===== Entries shown

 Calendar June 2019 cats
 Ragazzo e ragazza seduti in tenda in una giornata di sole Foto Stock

==========
===== Entries shown

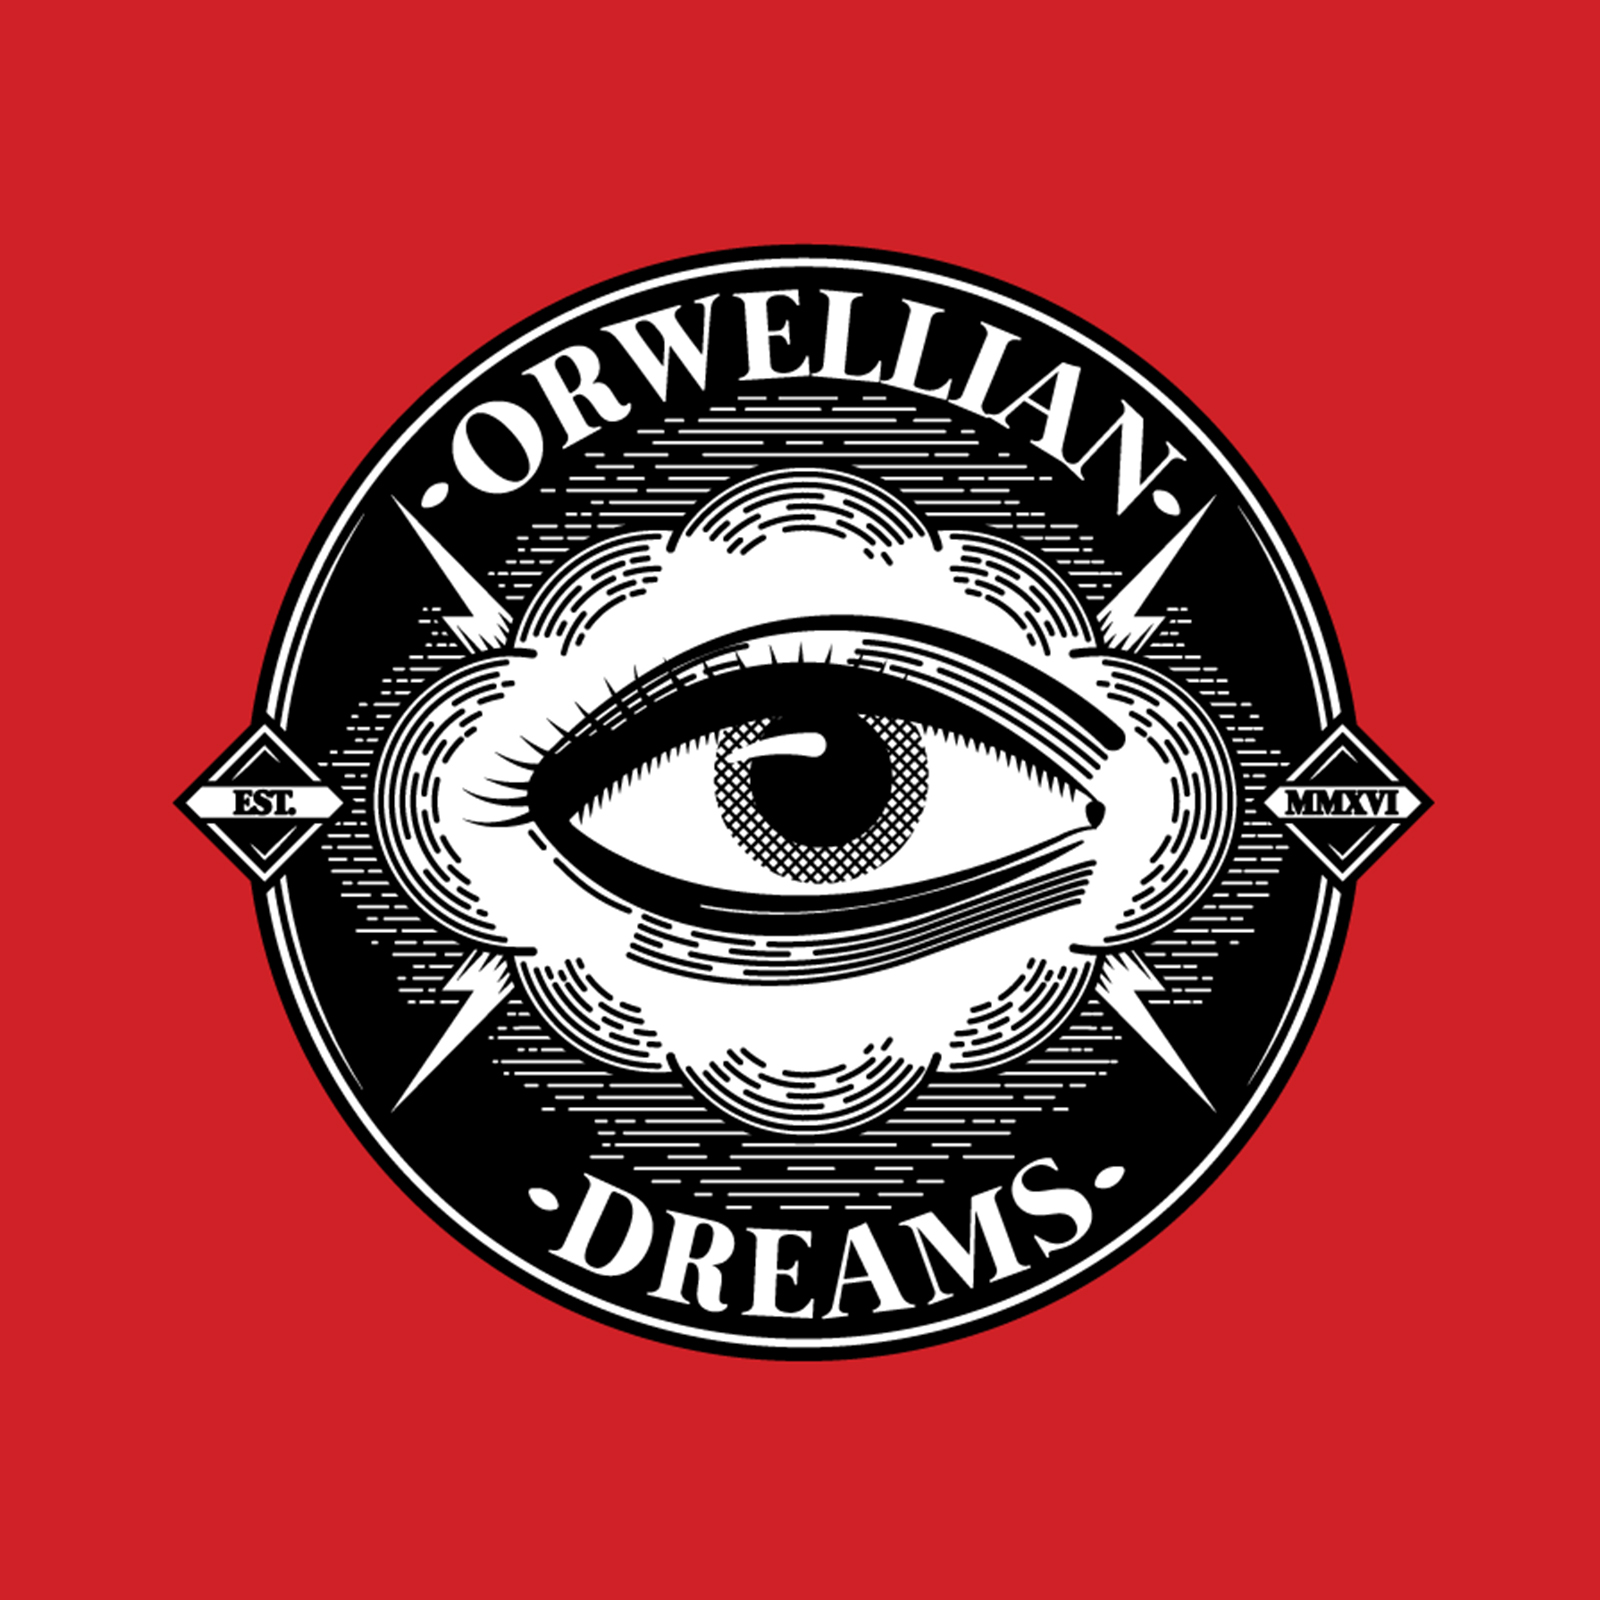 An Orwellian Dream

==========

(Your instructions)
I'd like the lines above from the one with "Calendar June 2019 cats" up to and including the one with "Ragazzo e ragazza" copied exactly, with no other lines.

(Solved exercise)
 Calendar June 2019 cats
 Ragazzo e ragazza seduti in tenda in una giornata di sole Foto Stock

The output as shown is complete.